- [Task description]: Repeat all the lines below exactly, but omit the pictures.

[Dataset entries]
◆ ◆ ◆ ◆ ◆

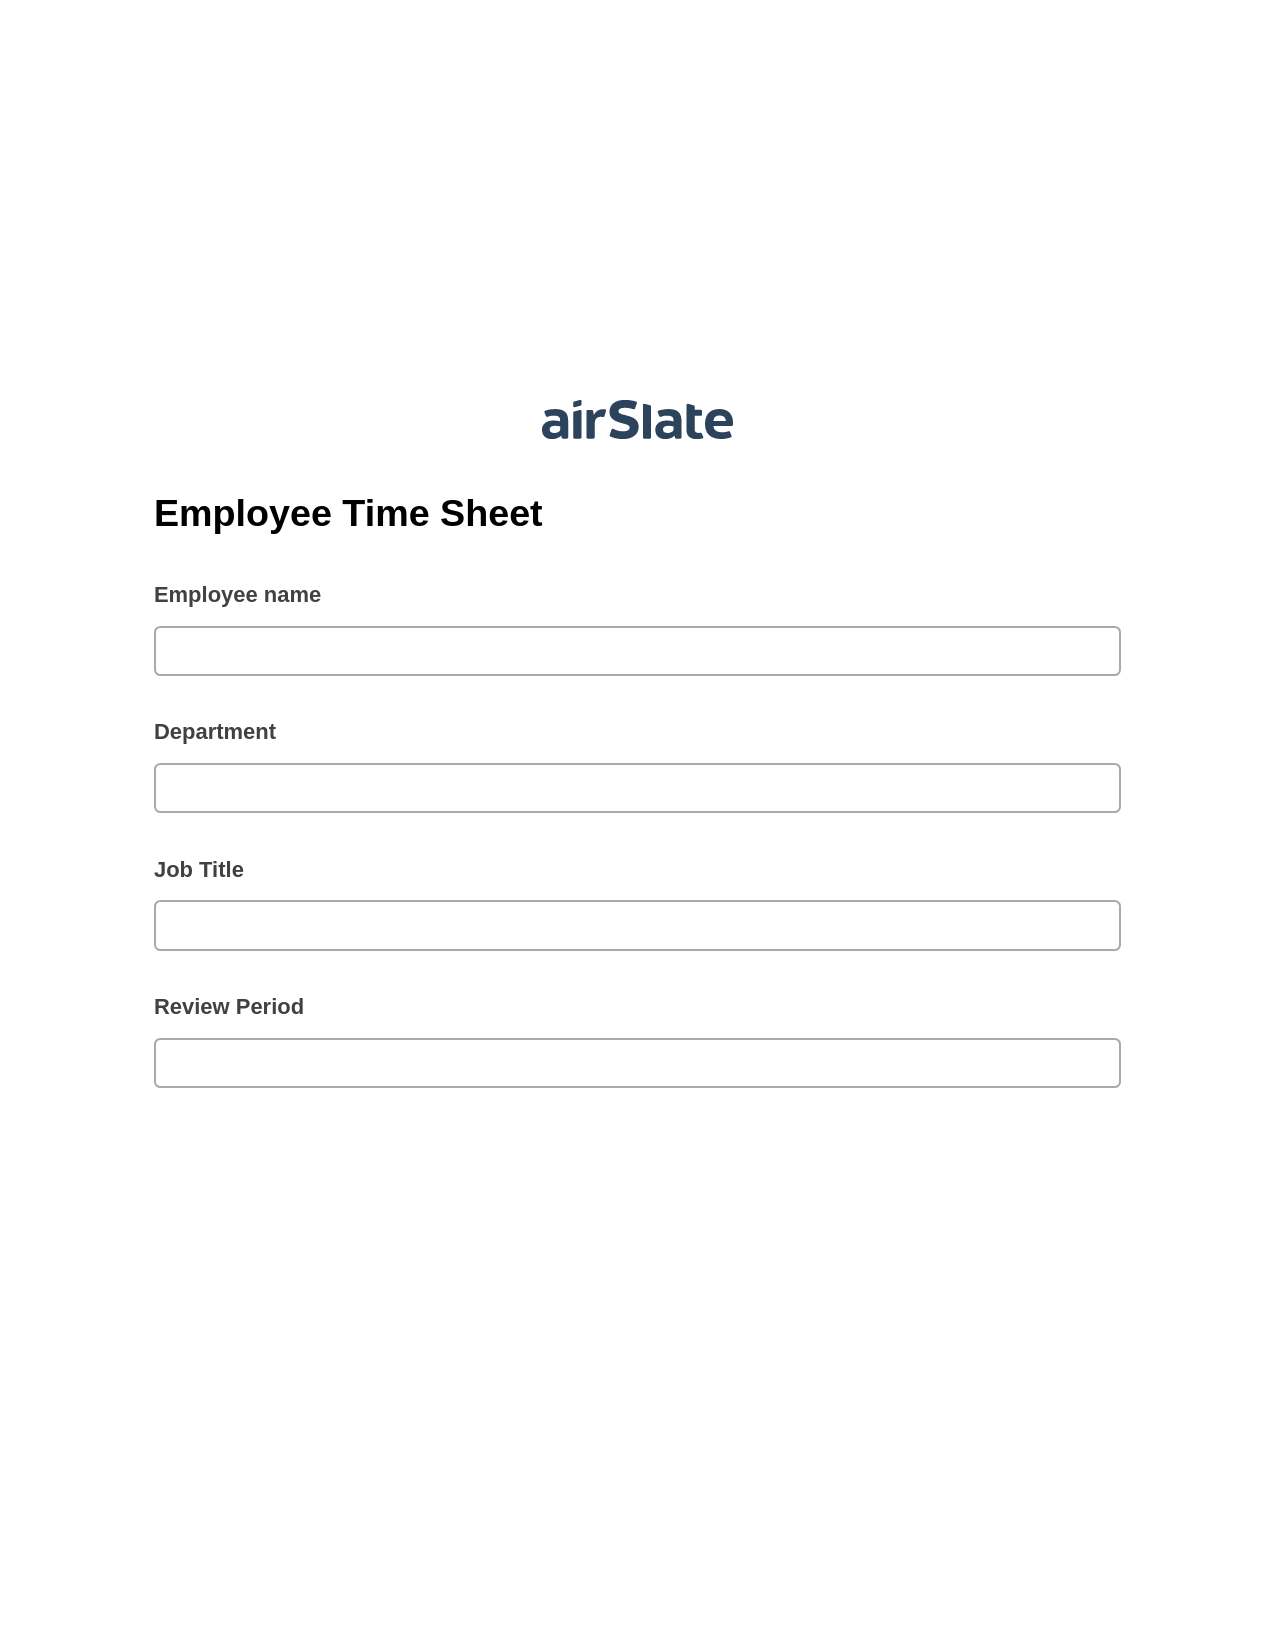 Employee Time Sheet Pre-fill Dropdowns from CSV file Bot, Create MS Dynamics 365 Records Bot, Export to NetSuite Bot
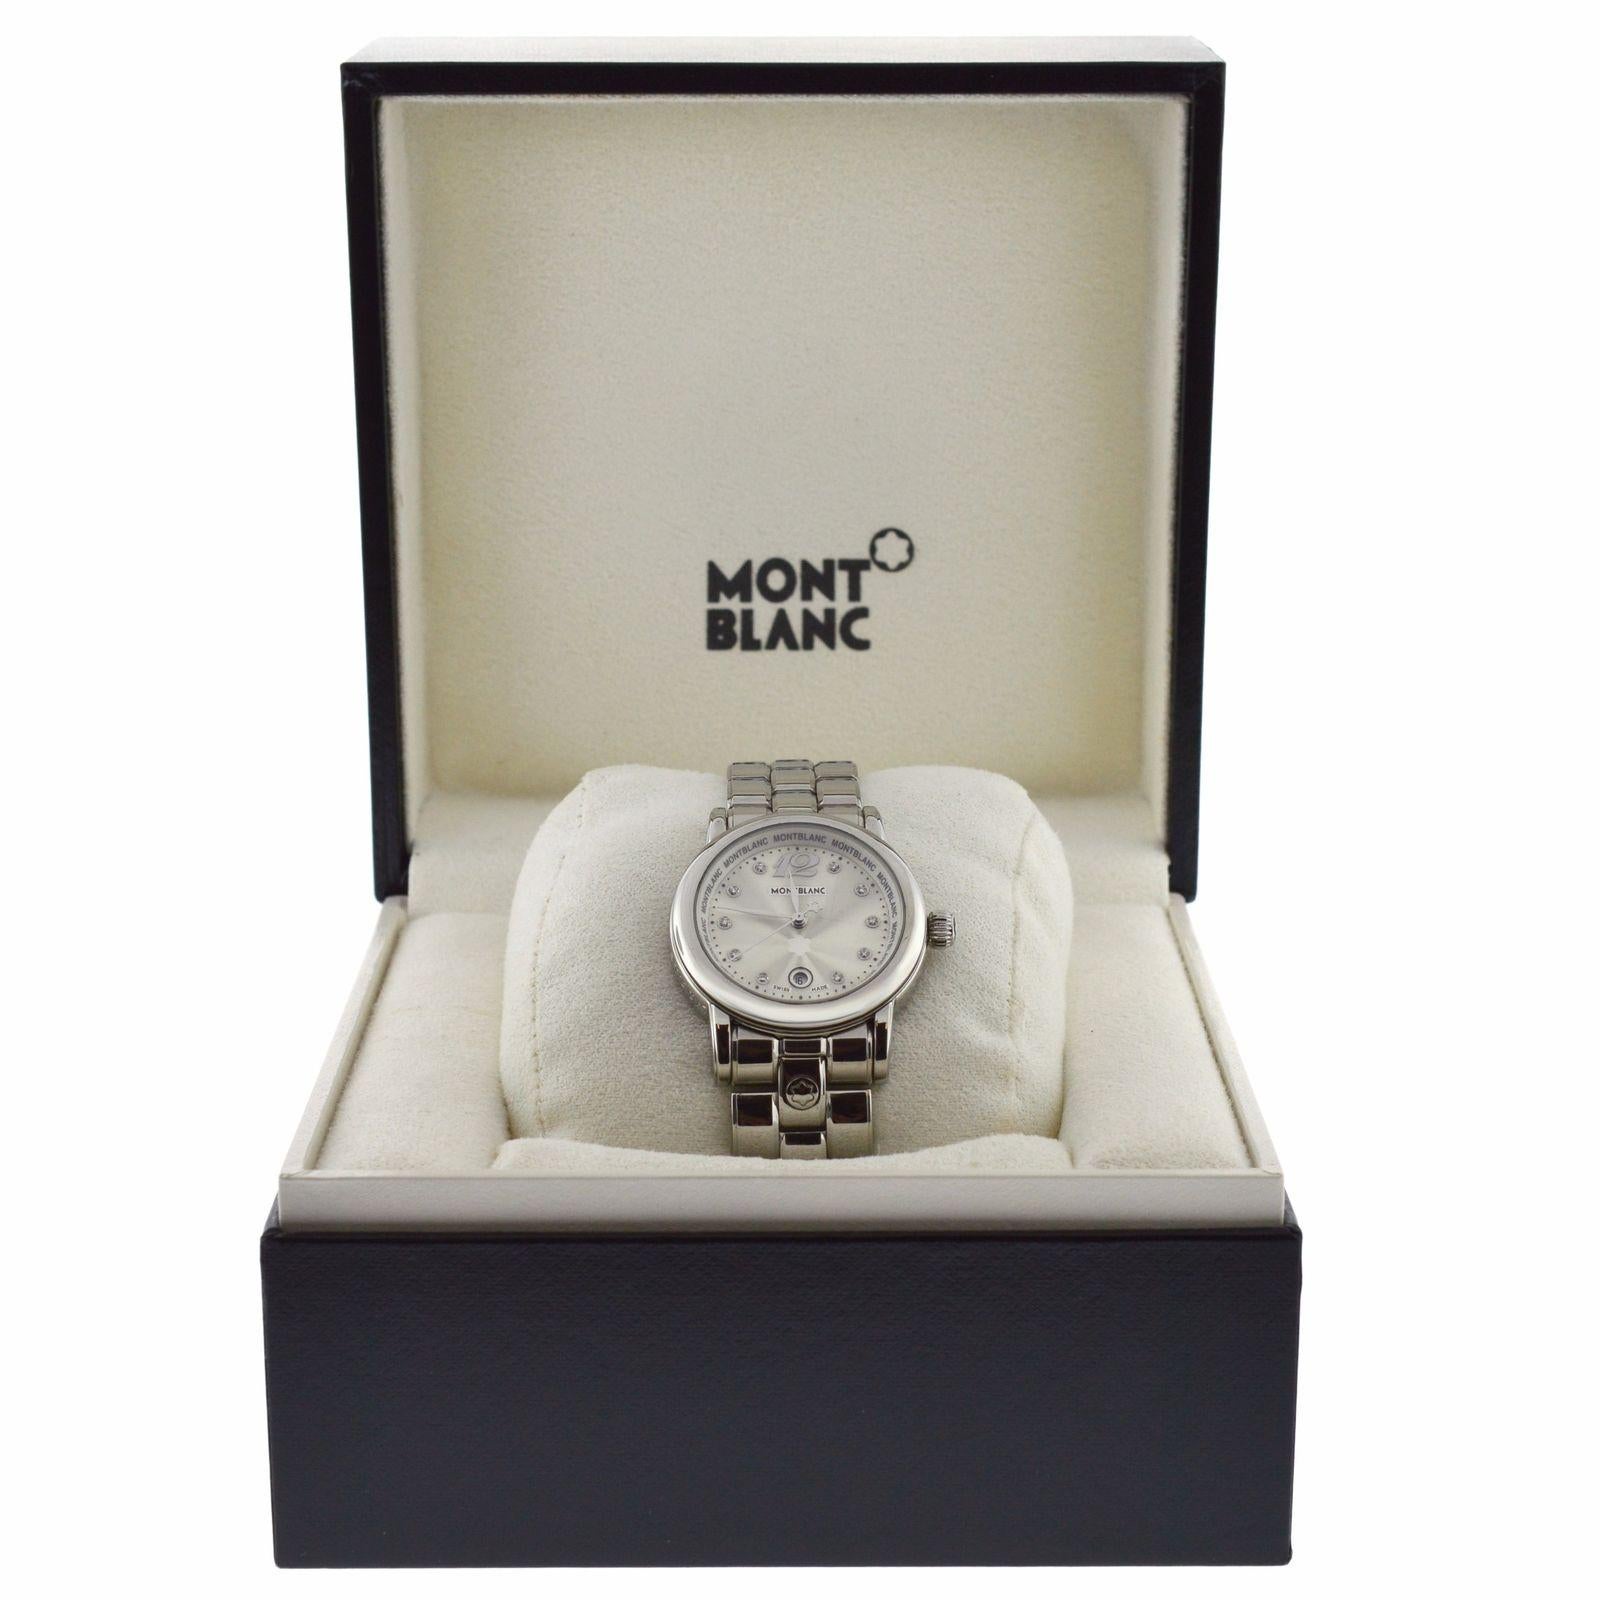 Brand	Montblanc
Model	Meisterstuck 7079
Gender	Ladies
Condition	Pre-owned
Movement	Swiss Quartz
Case Material	Stainless Steel
Bracelet / Strap Material	
Stainless Steel

Clasp / Buckle Material	
Stainless Steel

Clasp Type	Butterfly
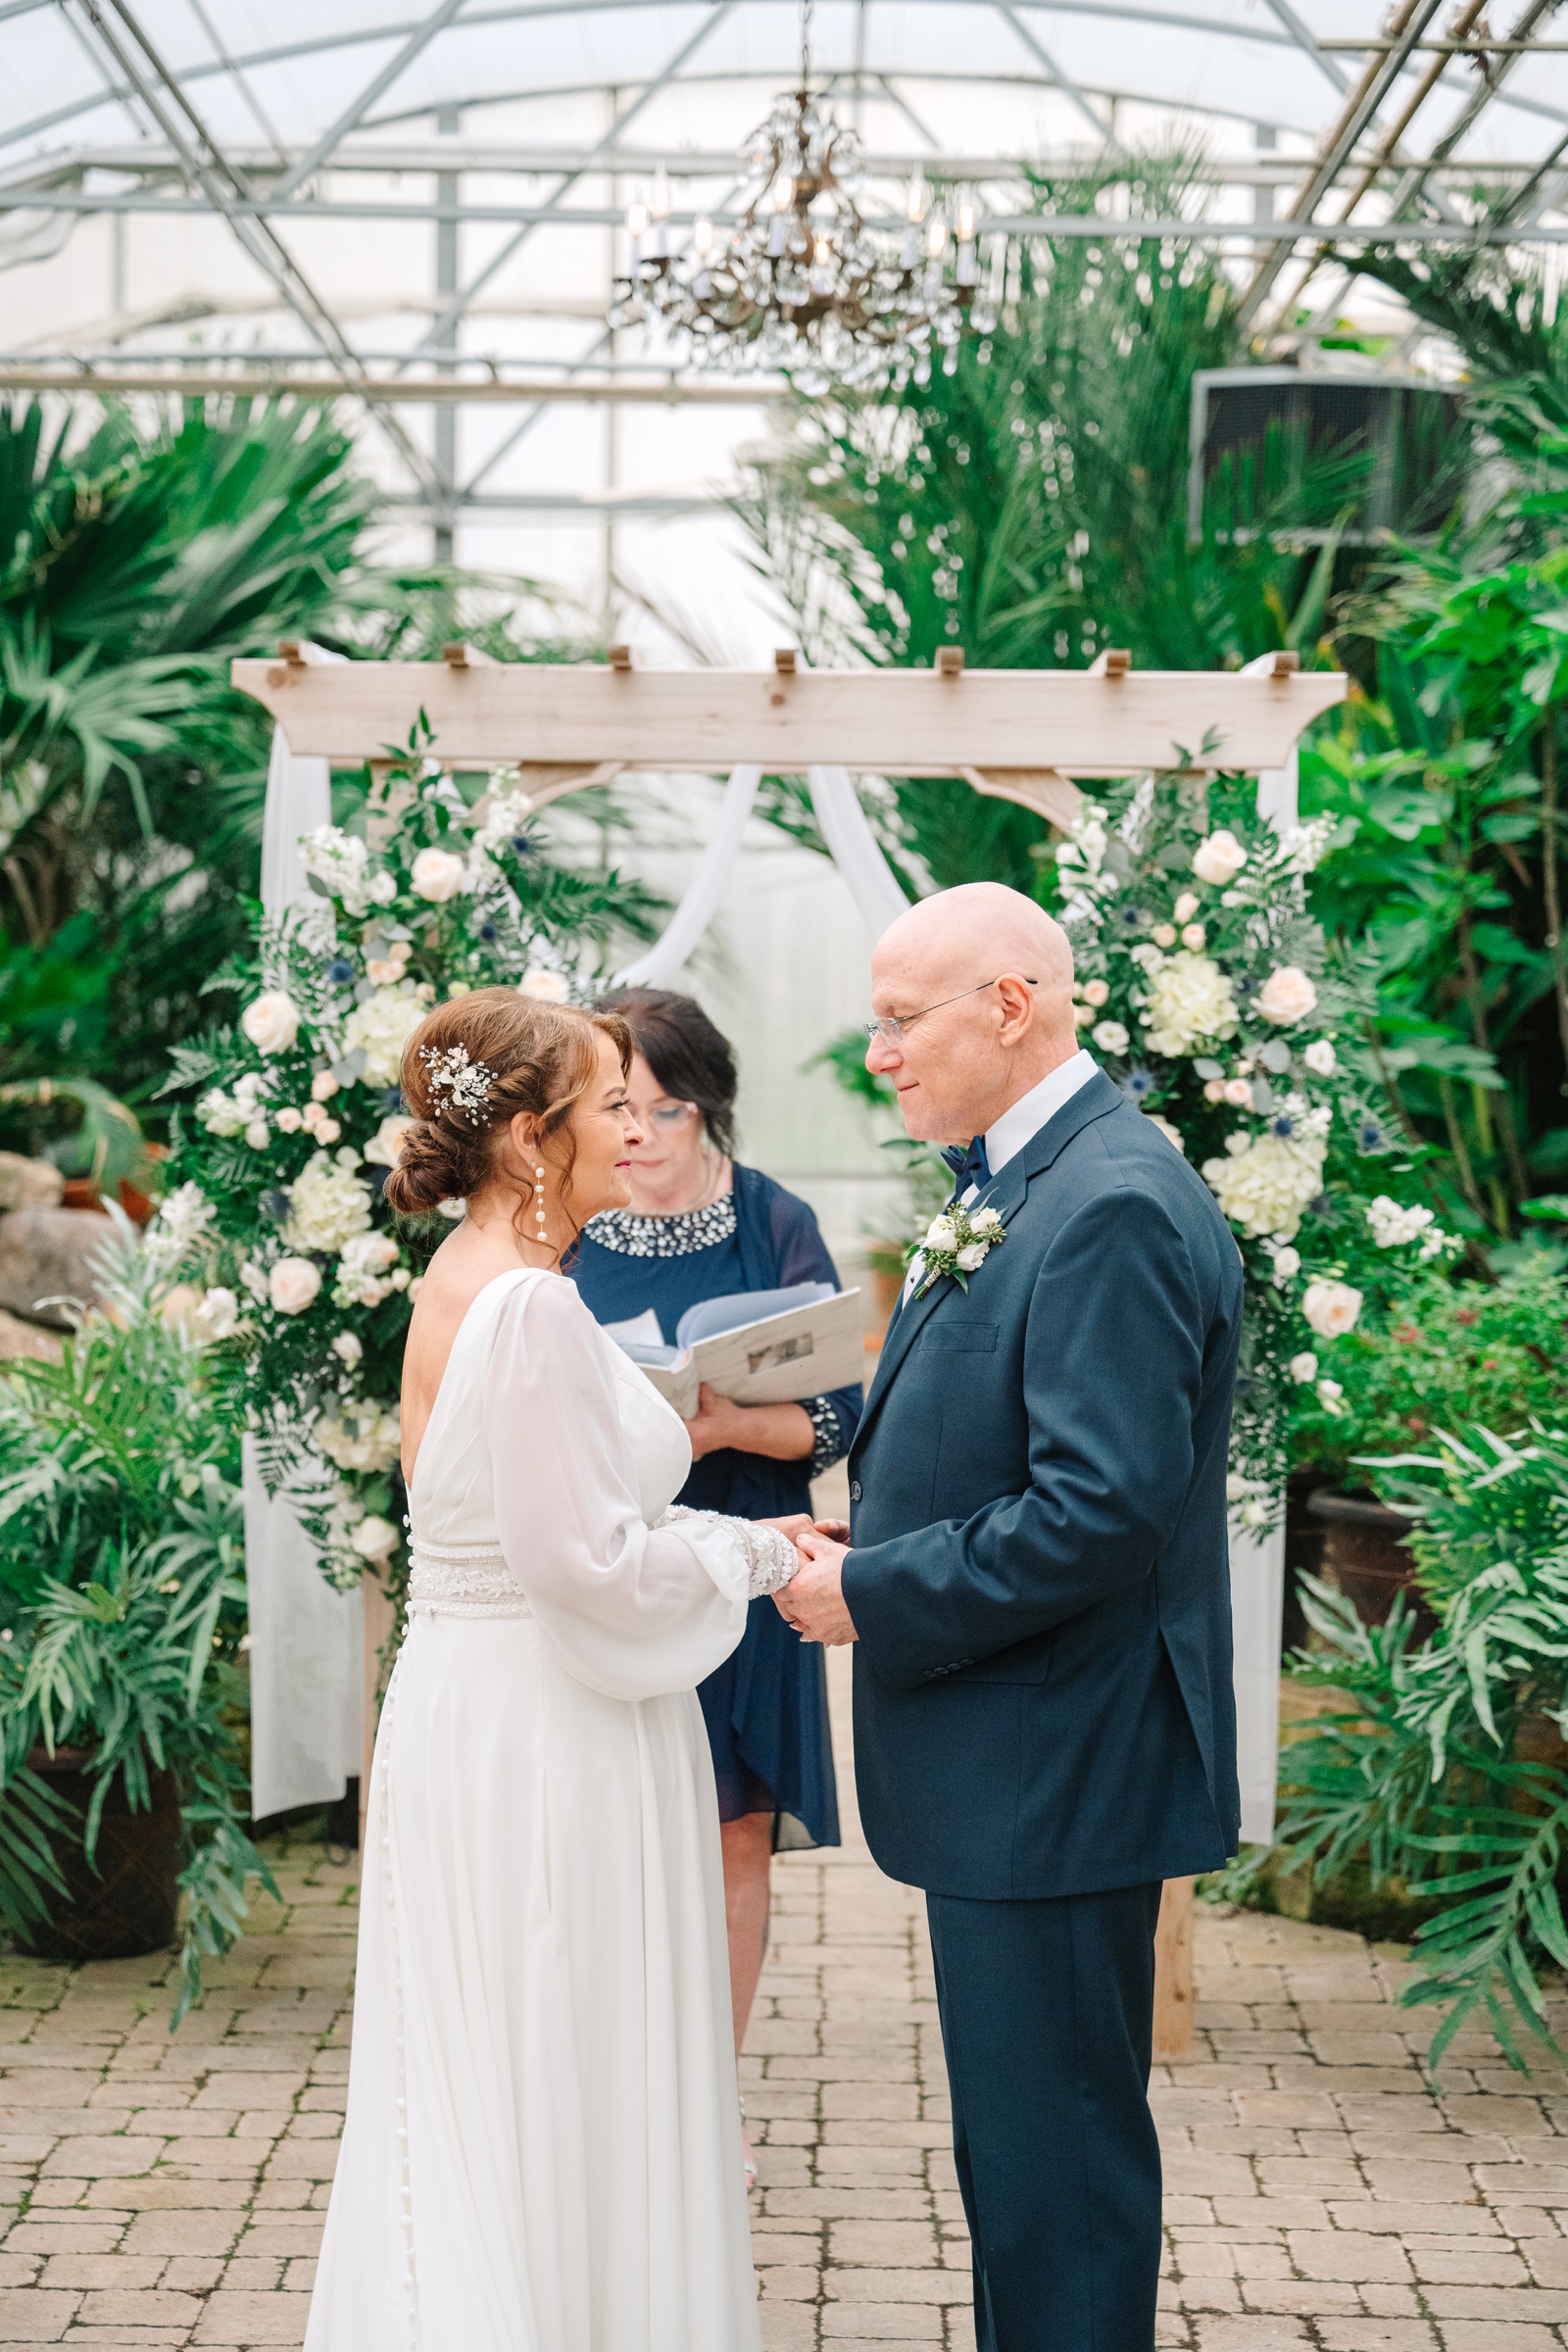 Mohican Garden and Conservatory Greenhouse Wedding in Ohio

◆ ◆ ◆ ◆ ◆

- [Task solution]:
 Employee Time Sheet Pre-fill Dropdowns from CSV file Bot, Create MS Dynamics 365 Records Bot, Export to NetSuite Bot
 Brand	Montblanc
Model	Meisterstuck 7079
Gender	Ladies
Condition	Pre-owned
Movement	Swiss Quartz
Case Material	Stainless Steel
Bracelet / Strap Material	
Stainless Steel

Clasp / Buckle Material	
Stainless Steel

Clasp Type	Butterfly
 Mohican Garden and Conservatory Greenhouse Wedding in Ohio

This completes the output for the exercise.